Terkait dengan masifnya kasus kekerasan pada perempuan. Pihaknya kembali meminta sejumlah stakeholder, agar supaya satu suara menyikapi kasus ini. Agar segera bentuk Tim khusus Penanggulangan Masalah Kekerasan seksual Terpadu NTB.


"Saya sarankan agar bentuk Tim khusus terpadu, yang melibatkan Psikologi, Kepolisian dan Komnas Perempuan, LPA, Aktivis LSM Pemerhati Perempuan, Kejaksaan, DP3AP2KB Provinsi NTB bersama Kepala UPTD PPA Provinsi untuk fokus dampingi para korbannya,"terangnya.


Sebagai seorang perempuan, saya sangat prihatin banyaknya kasus pelecehan terhadap perempuan sering kali dalam penanganan kasus kekerasan seksual terhadap perempuan, sikap aparat penegak hukum belum berperspektif pada korban.


"Aparat penegak hukum masih ada yang memperlakukan korban sebagai objek bukan subjek yang harus dihormati hak-haknya. Masih terjadi korban yang usianya 16 atau 17 tahun dianggap sudah paham mengenai pelecehan dan anak diarahkan seperti itu,"kata perempuan yang akrab disapa Badai NTB.

Selain itu, Badai NTB juga menilai, korban sering kali dibebani dengan barang bukti yang harus dipenuhi serta saksi-saksi. Adapun terkait kasus kekerasan dalam rumah tangga yang juga banyak dialami perempuan, Badai NTB mencatat tidak semua korban kekerasan memilih proses hukum. Karena lamanya proses tersebut serta tidak sedikit biaya yang harus dikeluarkan.

Dia berharap aparat penegak hukum mempunyai perspektif yang sama dalam menangani kasus hukum terhadap perempuan. Badai NTB ingin agar aparat penegak hukum dapat mengefektifkan instrumen hukum yang sudah ada guna memberikan keadilan.

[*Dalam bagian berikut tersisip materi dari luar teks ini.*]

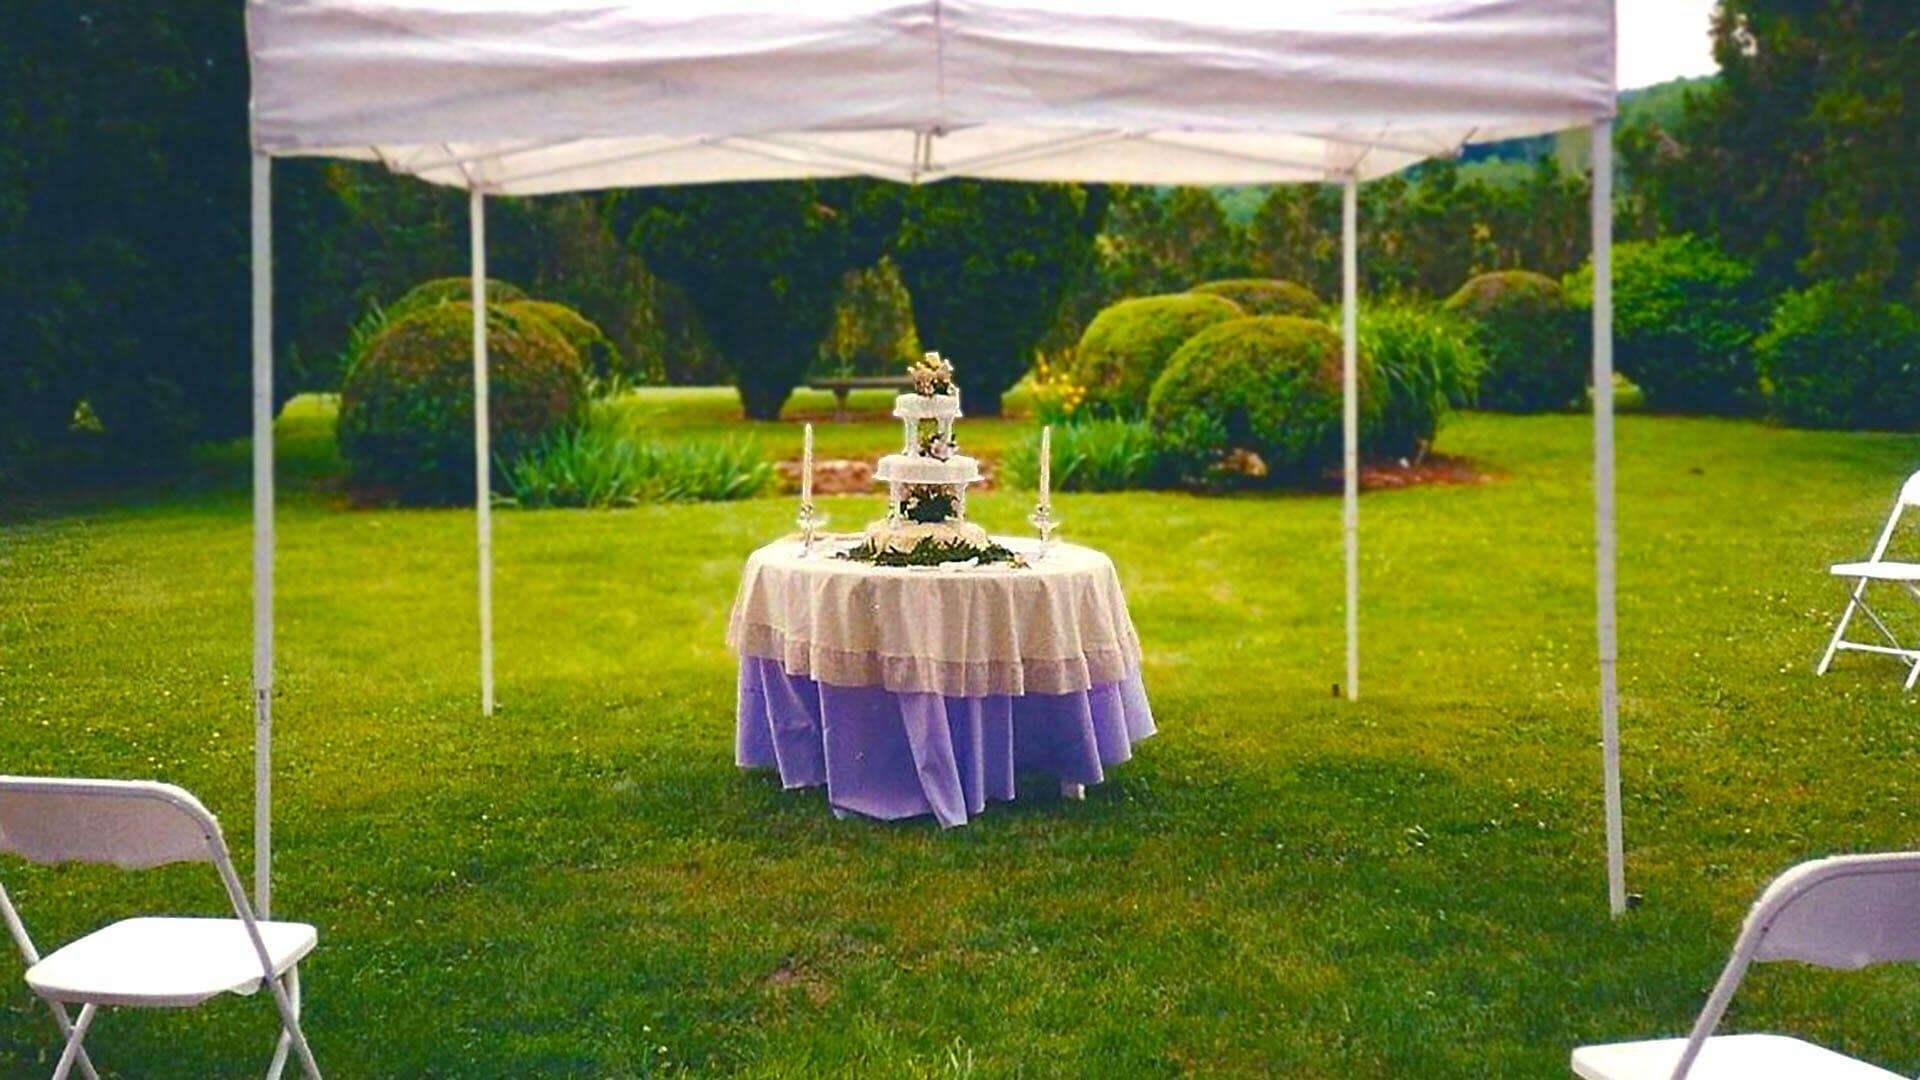 Valley View Farms Gardens wedding cake

"Apabila dimungkinkan saya mendorong adanya perubahan kurikulum aparat penegak hukum dengan berbasis Hak Asasi Manusia dan gender. Sebab, di sisi lain banyak rancangan UU seperti KUHP yang justru membuat penanganan kekerasan terhadap perempuan semakin kompleks," pungkasnya.

Sebelumnya, Dalam rangka optimalisasi penyedia layanan perlindungan perempuan dan anak, Kementerian Pemberdayaan Perempuan dan Perlindungan Anak RI menyelenggarakan kegiatan Rapat Koordinasi Penanganan Kasus Kekerasan Seksual Terhadap Anak di Provinsi NTB.


Kegiatan tersebut dihadiri oleh Kepala DP3AP2KB Provinsi NTB bersama Kepala UPTD PPA Provinsi yang berlangsung di Hotel Santika, Mataram Jumat, (11/8).


Tujuan dari Rakor ini adalah untuk memperkuat sinergitas antar lembaga penyedia layanan dalam Penanganan Kasus Kekerasan Seksual Terhadap Anak sekaligus memperoleh data dan informasi terkait upaya penegakan hukum dan pemenuhan hak korban kekerasan seksual di Provinsi NTB.